Ensemble of Classifiers: Voting Classifier

Author:Murphy | View: 20399 | Time: 2025-03-23 13:01:21

Decision Boundaries with Voting Classifier (Image by Author: Codes in References)

The word Ensemble in the context of ML refers to a collection of a finite number of ML models (may include ANN), trained for the same task. Usually, the models are trained independently and then their predictions are combined.

When the predictions from different models differ, it is sometimes more useful to use the ensemble for Classification than any individual classifier. Here, we would like to combine different classifiers and create an ensemble and then use the ensemble for the prediction task. What will be discussed in this post?
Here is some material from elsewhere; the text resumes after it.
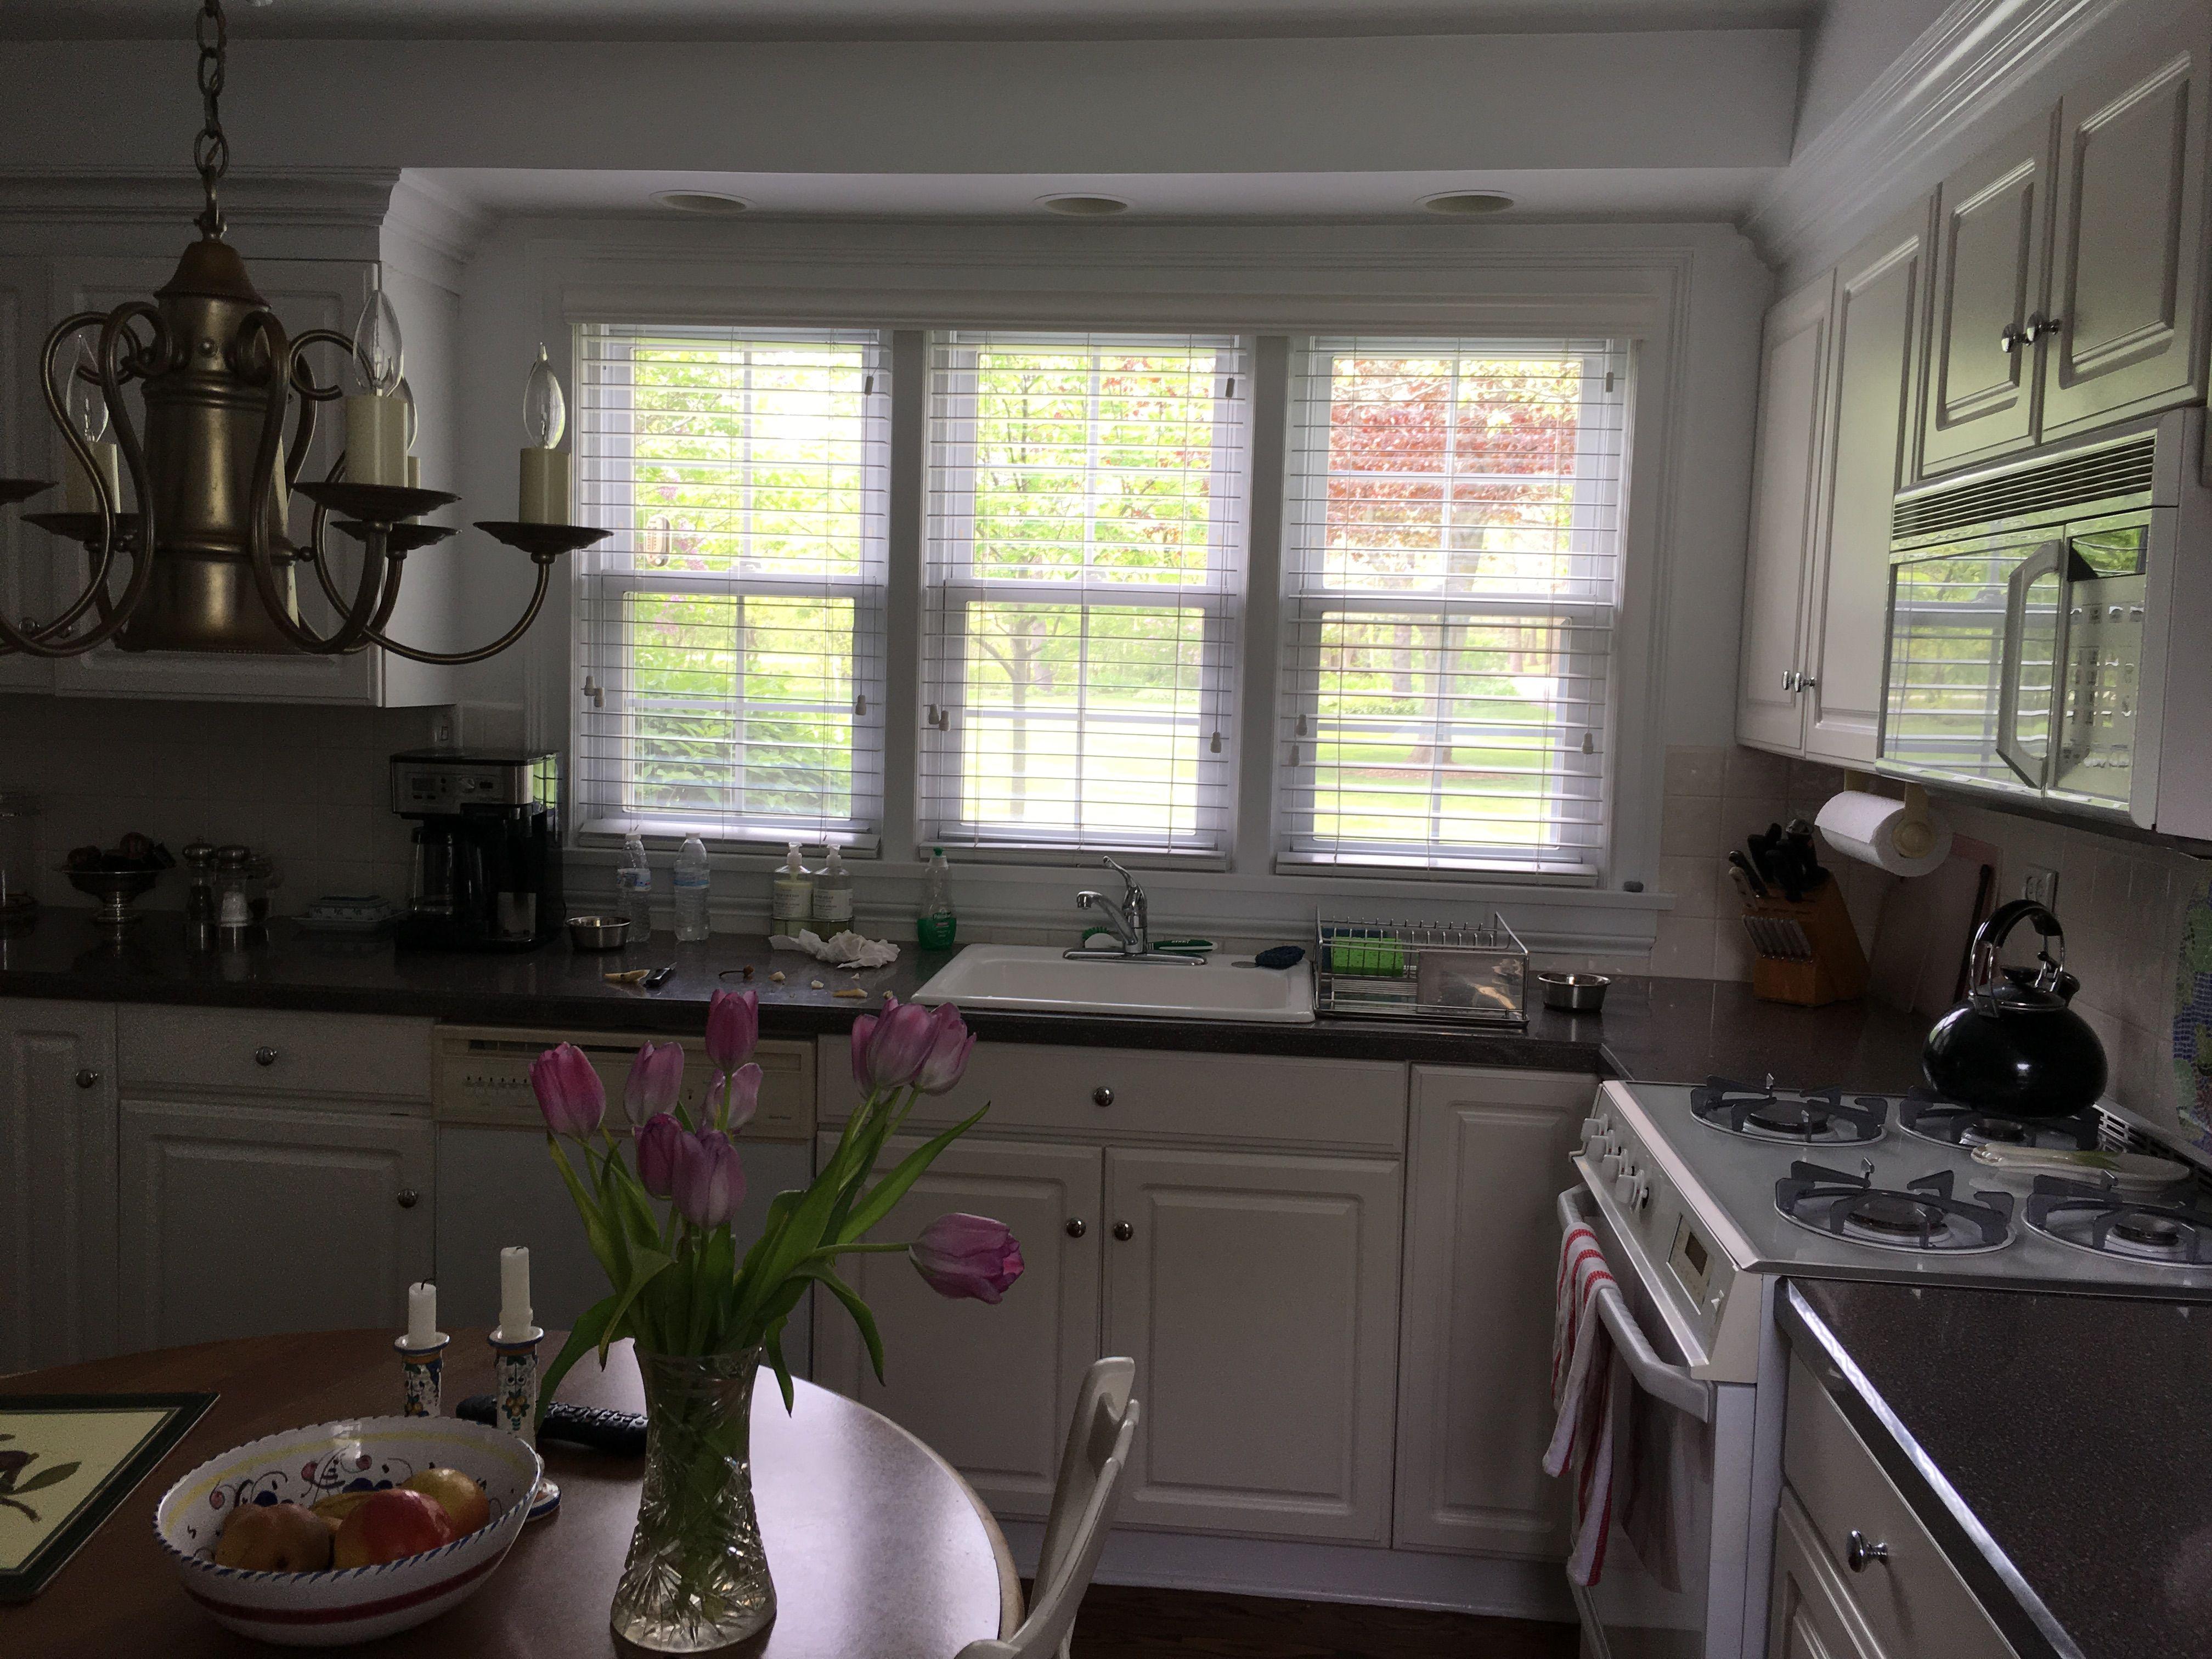 Corner window kitchen sink  pin by lesley brandt on  kitchen  pinterest

Use Sklearn's VotingClassifier to build an ensemble.
What is Hard and Soft Voting in VotingClassifier?
Check individual model performance with VotingClassifier.
Finally, use GridSearchCV + VotingClassifier to find the best model parameters for individual models.

Let's begin!

Data Preparation:

To see an example of VotingClassifier in action, I'm using the Heart Failure Prediction dataset (available under open database licensing). Here the task is the binary classification for predicting whether a patient with specific attributes may have heart disease or not. The dataset has 10 attributes including their age, sex, resting blood pressure etc., for data collected over 900 patients. Let's check some distributions for different parameters. We check the ‘ClassLabel' counts (1 represents heart disease, 0 represents healthy), i.e. healthy and ill population as a function of Sex.

Fig. 1: ClassLabel distribution as a function of the sex of the participants. (Image by Author; Codes in References).
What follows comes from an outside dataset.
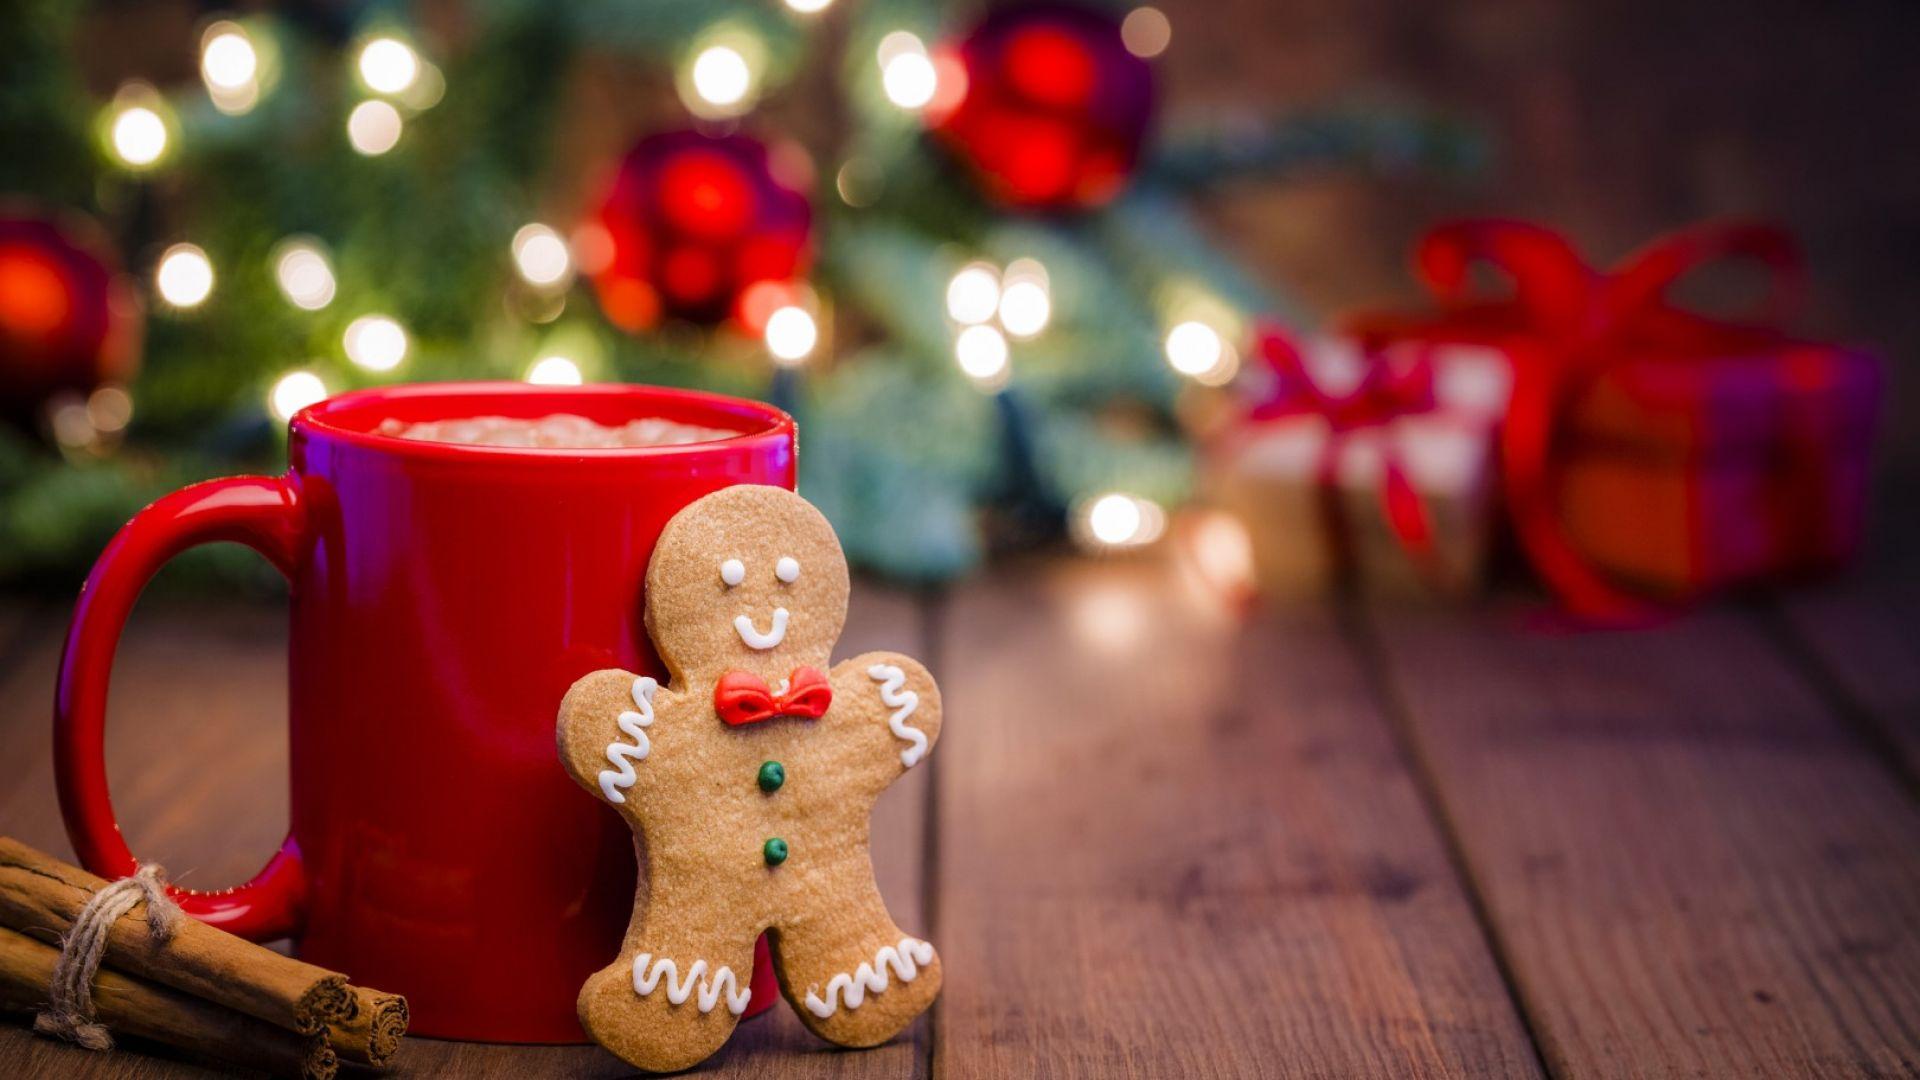 Песента Jingle Bells е изпратена през 1965 г. в космоса и други интересни факти за Коледа

In general, we see proportionately more Males are ill compared to Females. We can also check individual features such as Cholesterol and Resting BP distribution as below and we see that both the Cholesterol and Resting BP are higher for ill patients, especially for females.

Fig. 2: Cholesterol and Resting BP distributions for Males and Females for two different classes: Healthy and Ill (Image by Author).

For numerical features, one can also use Boxplots to see distributions where the box represents the range of the central 50% of the data.

Fig. 3: Some Numerical Parameter Distribution via Boxplot (Image by Author).

We see some issues with the dataset here; There are quite a few data points with zero Cholesterols and RestingBP. Even though it is indeed possible to have really low cholesterol, to have zero for many data points (patients), is it a little too accidental? Anyway, as our main objective is to implement VotingClassifier so we leave those data points as they are and proceed to the next stage.

Train-Test and Classification:

After some preliminary analysis, we prepare the dataset for training and testing different classifiers and compare their performances. First, we split the data into train and test sets, separately standardize the numerical columns (to prevent data leakage) and initialize 3 different classifiers- Support Vector Machines, Logistic Regression and AdaBoost, which itself is an Ensemble Learning method specifically falling under the Boosting method (the other one being known as ‘Bagging'). Next is to train these classifiers using the training set and check predictions for the test set. We check 3 different performance metrics-precision, recall and F1 score. Below is the code block:

Below are the scores:

>>> SVC, LogReg, AdaBoost Precisions: 0.9096562 0.8915564 0.8825301
>>> SVC, LogReg, AdaBoost Recalls: 0.9086956 0.8913043 0.8826086
>>> SVC, LogReg, AdaBoost F1-scores: 0.90831418 0.8910015 0.8825525

We see that on average the F1 scores are around ~89%. One can also check the feature importance for the AdaBoost classifier and expectedly Cholesterol is one of the main important features. Below is the plot:

Fig. 4: Feature Importance Plot: Considering only AdaBoost classifier, Cholesterol is of the highest importance (Image by Author).

The confusion matrix for the AdaBoost classifier separately looks as below:

Fig. 5: Confusion matrix for AdaBoost classifier.

VotingClassifier to Form an Ensemble:

VotingClassifier combines different Machine Learning classifiers and uses a voting rule (‘soft' or ‘hard') to predict the class labels.

It balances out the individual weaknesses of models when their performance is almost the same; here we will combine individual classifiers used before to build an ensemble. But what is soft and hard voting?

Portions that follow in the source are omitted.